4.     The conclusion of the study refers to the reliability of the NMR methods for the measurement of the standard lipids and not for the other lipoprotein particles analyzed. However, NMR is a method that needs complex equipment, and thus I cannot see the advantages to use it to determine the lipoproteins in serum. Detail the advantages and disadvantages and comment on how the harmonization of the two methodologies should be done.  

 

Minor concerns

1.     Why it is noted that overnight fasting is not required? (page 3 Blood sampling)

2.     Mention G instead of rpm for all the centrifugation steps.

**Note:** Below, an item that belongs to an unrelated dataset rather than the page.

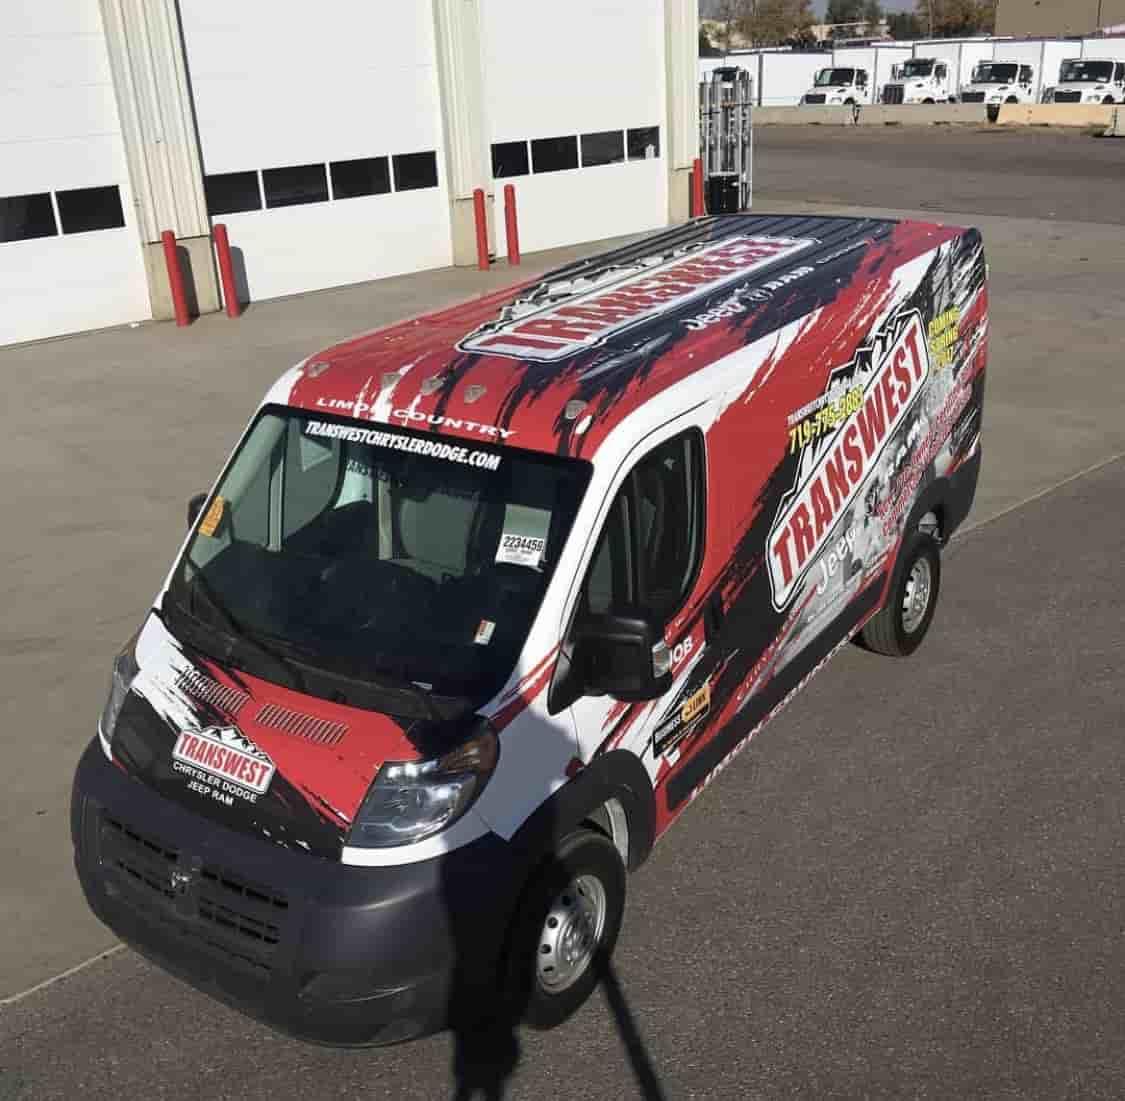 Vehicle graphics Denver - A3 Wraps of Denver, CO

3.     Mention which value is considered statistically significant in the Statistical methods for all the methods described.

 

 

Author Response

Please see the attachment.

Author Response File: Author Response.docx

Reviewer 2 Report

The authors presented a method comparison between two RMN methods (Numares vs LabCorp) for the measurements of lipids and lipoprotein concentrations as well as lipoprotein particles in concentration and size. The study is very well conducted in number of samples and parameter comparison. This study is a good approach to understand the clinical significance of Lipoprotein particles as risk factors for CVD.

Minor considerations:

1.- Table 4 and Table 5: the internal correlation analysis is very difficult to interpret in reference with the phrase: “…were consistent except for large LDL particles comparing….”. These results should be detailed to understand what is comparing and which is the data most significant to show.

2.- Figure 1: in the legend the LDL-s and HDL-s should be mentioned.

3.- Supp. Figure 3: It would be recommendable to include this supplementary figure as a Figure 2 and explain these results in the main text to facilitate the total comparison  between both methods.

Author Response

Please see the attachment.

Author Response File: Author Response.docx

Round 2

Reviewer 1 Report

The authors gave pertinent answers and the manuscript was revised, accordingly. The manuscript can be published in its current form.